In order to understand network problems with triplen harmonics, first let’s have a short explanation of harmonic phase sequence and third harmonics.

What are Triplen Harmonics and where do they happen?
A 3,000-degree Fahrenheit electric arc furnace prepares to receive a "charge" of scrap metal for conversion into steel Saturday at Severstal Columbus (Photo by Carmen K. Sisson/Dispatch Staff)

Power engineers have traditionally used symmetrical components to help describe 3-phase system behavior. The 3-phase system is transformed into three single-phase systems that are much simpler to analyze. The method of symmetrical components can be employed for analysis of the system’s response to harmonic currents provided care is taken not to violate the fundamental assumptions of the method.

The method allows any unbalanced set of phase currents (or voltages) to be transformed into three balanced sets.

The positive sequence set contains three sinusoids displaced 120 from each other, with the normal A-B-C phase rotation (e.g., 0, −120, 120 ). The sinusoids of the negative-sequence set are also displaced 120 , but have opposite phase rotation (A-C-B, e.g., 0, 120, −120 ). The sinusoids of the zero sequence are in phase with each other (e.g., 0, 0, 0).

In a perfect balanced 3-phase system, the harmonic phase sequence can be determined by multiplying the harmonic number h with the normal positive sequence phase rotation.

For example, for the second harmonic, h = 2, produces 2 × (0, −120, −120 ) or (0, 120, −120 ) which is the negative sequence. For the third harmonic, h = 3, produces 3 × (0, −120, −120 ) or (0, 0, 0°) which is the zero sequence. Phase sequence for all other harmonic orders can be determined in the same fashion.

Since a distorted waveform in power systems contains only odd harmonic components, only odd harmonic phase sequence rotations are summarized below:

  • Harmonics of order h = 1, 7, 13, … are purely positive sequence.
  • Harmonics of order h = 5, 11, 17, … are purely negative sequence.
  • Triplens (h = 3, 9, 15, …) are purely zero sequence.

Triplen Harmonics

Triplen harmonics are the odd multiples of the third harmonic (h = 3, 9, 15, 21, . . .). They deserve special consideration because the system response is often considerably different for triplens than for the rest of the harmonics.

Triplens become an important issue for grounded-wye systems with current flowing on the neutral.

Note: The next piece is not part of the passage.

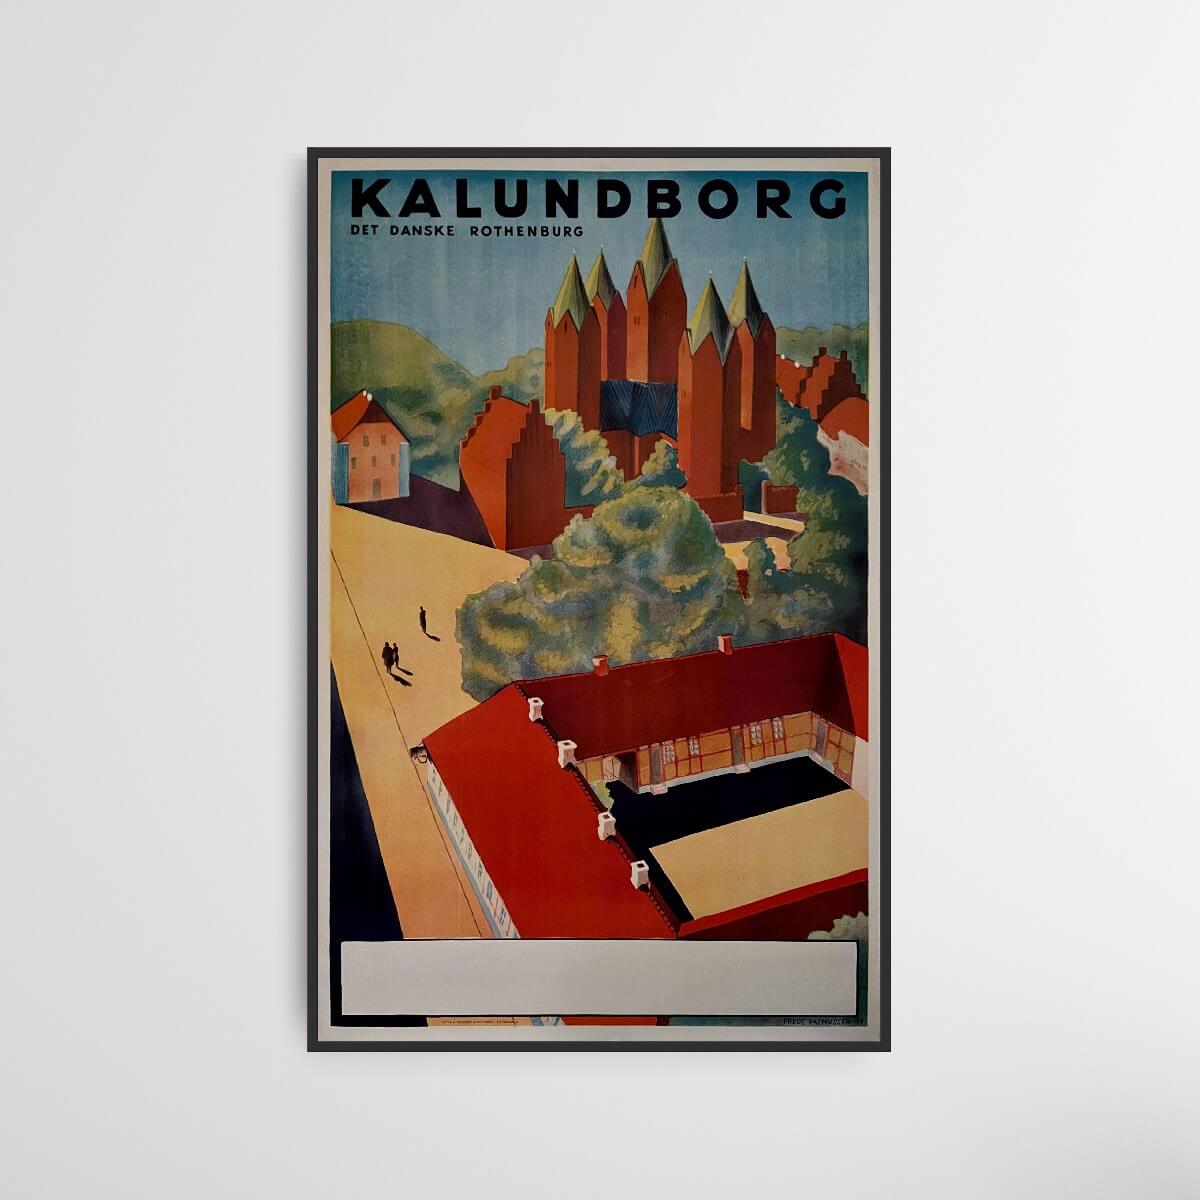 Kalundborg - Det danske Rothenburg

Two typical problems are overloading the neutral and telephone interference. One also hears occasionally of devices that misoperate because the line-to-neutral voltage is badly distorted by the triplen harmonic voltage drop in the neutral conductor.

For the system with perfectly balanced single-phase loads illustrated in Figure 1, an assumption is made that fundamental and third harmonic components are present. Summing the currents at node N, the fundamental current components in the neutral are found to be zero, but the third harmonic components are three times the phase currents because they naturally coincide in phase and time.

High neutral currents in circuits serving single-phase nonlinear loads
Figure 1 – High neutral currents in circuits serving single-phase nonlinear loads

Triplen Harmonics in Transformers

Transformer winding connections have a significant impact on the flow of triplen harmonic currents from single-phase nonlinear loads. Two cases are shown in Figure 2. In the wye-delta transformer (top), the triplen harmonic currents are shown entering the wye side.

Since they are in phase, they add in the neutral.

Flow of third harmonic current in 3-phase transformers
Figure 2 – Flow of third harmonic current in 3-phase transformers

The delta winding provides ampere-turn balance so that they can flow, but they remain trapped in the delta and do not show up in the line currents on the delta side. When the cur- rents are balanced, the triplen harmonic currents behave exactly as zero-sequence currents, which is precisely what they are.

This type of transformer connection is the most common employed in utility distribution substations with the delta winding connected to the transmission feed.

Using grounded-wye windings on both sides of the transformer (bottom) allows balanced triplens to flow from the low voltage system to the high voltage system unimpeded.

They will be present in equal proportion on both sides. Many loads in the United States are served in this fashion.

Some important implications of this related to power quality analysis are:

Implication #1 – Transformers, particularly the neutral connec- tions, are susceptible to overheating when serv- ing single phase loads on the wye side that have high third harmonic content.

Implication #2 – Measuring the current on the delta side of a transformer will not show the triplens and, therefore, not give a true idea of the heating the transformer is being subjected to.

The flow of triplen harmonic currents can be interrupted by the appropriate isolation transformer connection.

Implication #3 – Removing the neutral connection in one or both wye windings, blocks the flow of triplen harmonic current. There is no place for ampere-turn balance. Likewise, a delta winding blocks the flow from the line.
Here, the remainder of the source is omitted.